7 Lifestyle Changes To Ease Anxiety

Posted by on October 2, 2017 in Hazards, Issues & Diseases, Health with 0 Comments

By Quentin Vennie | Thrive Global

Growing up in Baltimore, I’ve personally battled trauma and mental health issues since I was a child. Acting out became one of my greatest defense mechanisms. My father was a heroin addict who spent the majority of my life in and out of the prison system, forcing my mother to raise me alone.

I saw things that children shouldn’t; experienced things that most adults hadn’t. By the time I was 14, I was said to have acute anxiety and mild depression. Then at 26 I was diagnosed with Generalized Anxiety and Panic Disorder and mild-severe major depressive disorder.

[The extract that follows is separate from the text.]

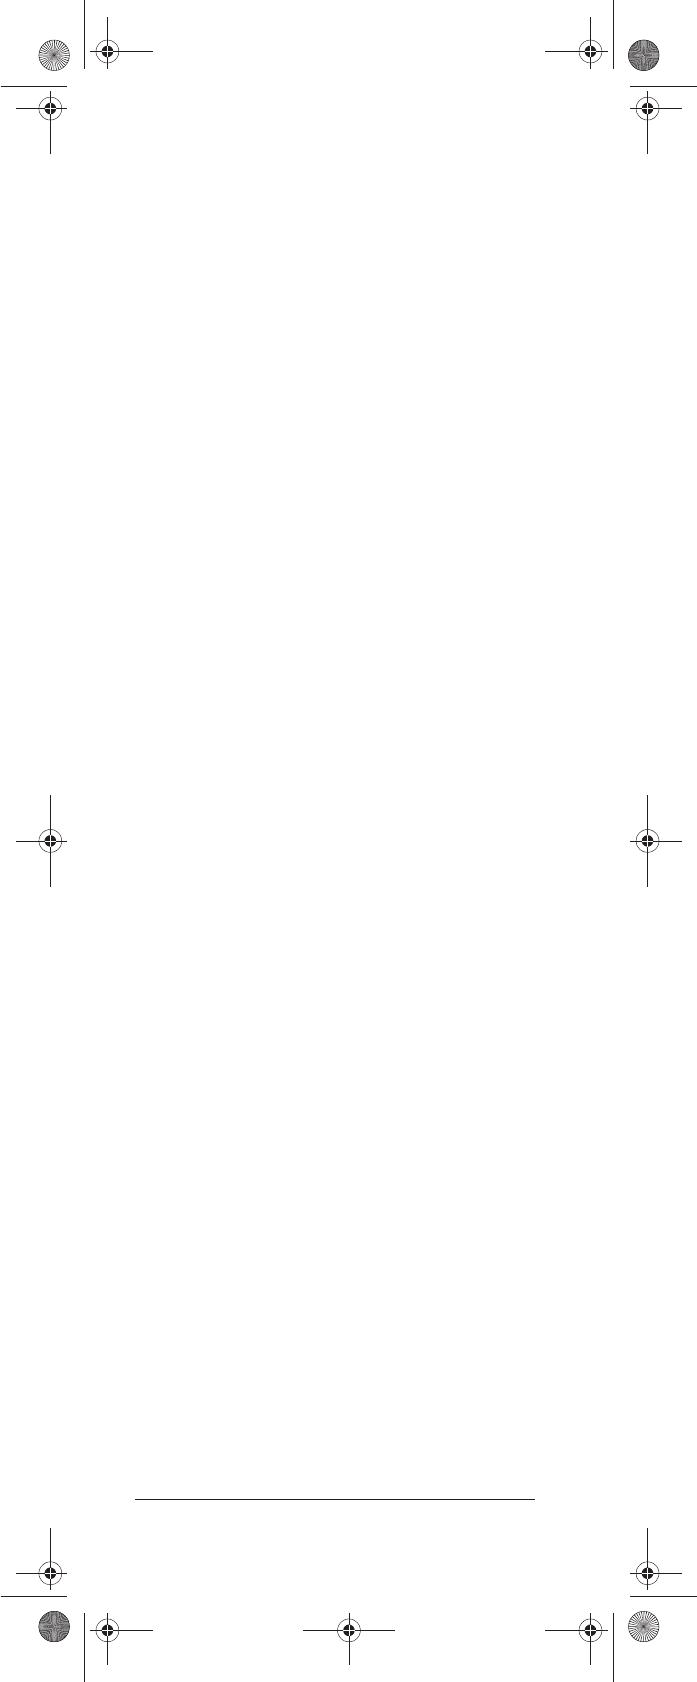 Bedienungsanleitung Tevion (Medion) UFB314 (Seite 152 von 159 ...

After my diagnosis I was immediately placed on medication, told by my doctor that my disorder was so severe that medication was the only option effective enough to treat it.

I was tagged — just another guy fighting to fit into a world that rejected anyone with a label.

I didn’t know about CBT (Cognitive Behavioral Therapy) or any other complementary management approaches. I had never heard of GAD or panic disorders, and as a result, I accepted the medication that was prescribed to me.

I spent the next 2 years of my life battling an addiction that I never saw coming. The pills my doctor promised would cure my anxiety created an entirely new, more fatal disease. I was no longer afraid of my anxiety, I was afraid of what my life would look like without my medication.

Dependent on pills, my fear culminated into a deep pit of depression, monophobia, and two failed suicide attempts. I went back to my doctor hoping he’d help me get off the medication, but soon realized that he was no longer my doctor, he had become my dealer.

I set out on my own, challenging and questioning everything I thought to be true. To save my life, I had to change the way I lived. Here are 7 lifestyle changes that have personally helped me on my road to recovery.

1. I Get 7–8 Hours of Sleep.

I’ve struggled with bouts of insomnia since being diagnosed with anxiety a little over 7 years ago. A lack of sleep can be a precursor for anxiety, or a direct reflection of it. Either way, an adequate amount of sleep every night can greatly reduce your anxiety symptoms. About two hours before I plan on going to sleep, I shut off my electronic devices (tv, laptop, ipad). I put my phone on Do Not Disturb and Night Shift, take a magnesium supplement, drink a hot cup of Chamomile tea, and settle in with a good book. Occasionally when I need it, I’ll find time to get a quick power nap in during my lunch break. A good night sleep has been one of the most effective changes in managing my anxiety.

2. I Leave Work at Work

It’s important to set boundaries for yourself. For many people, their biggest stressor is their job. Therefore, when my work day is over, I make sure it’s over! I turn off my work phone and don’t check emails again until morning. Sometimes this is a bit challenging because I run my own business, but it has proven to be very beneficial. I give myself permission to have a personal life outside of my career.

3. I Check My Diet

When I decided to embark on this journey to save myself, the first thing I did was take a serious look at my diet and my behaviors. At the time I was a heavy smoker, a caramel latte-a-day kind of guy, and could easily lose myself in a few bottles of wine in the evening. What I learned was that I was keeping my body in a toxic state, which was stimulating my anxiety, not eliminating it. Slowly I started cutting out red meat, pork, alcohol, processed foods, caffeine, and artificial/ refined sugars. Today the majority of my diet consists of fruits, vegetables, nuts, seeds and legumes.

4. I Limit My Social Media Intake

Social media can sometimes be a huge energy suck. It’s typically filled with people’s opinions about politics, current events, or personal issues — most of which I have no desire to be a part of. As someone with a severe anxiety disorder, I already have way too many irrational thoughts running through my mind on a daily basis, therefore I have to be very protective about what I allow to permeate.

5. I Go Green

I drink about 32oz. of green juice every morning. For me, it’s the best way to start my day. I’ve never been a huge fan of eating lots of vegetables — so I drink them instead! I like to stick to the 80/20 rule of juicing (80% vegetables, 20% fruit). I have more energy throughout the day, and I don’t have to worry about a mid-afternoon crash like what happens with sugary or caffeinated drinks.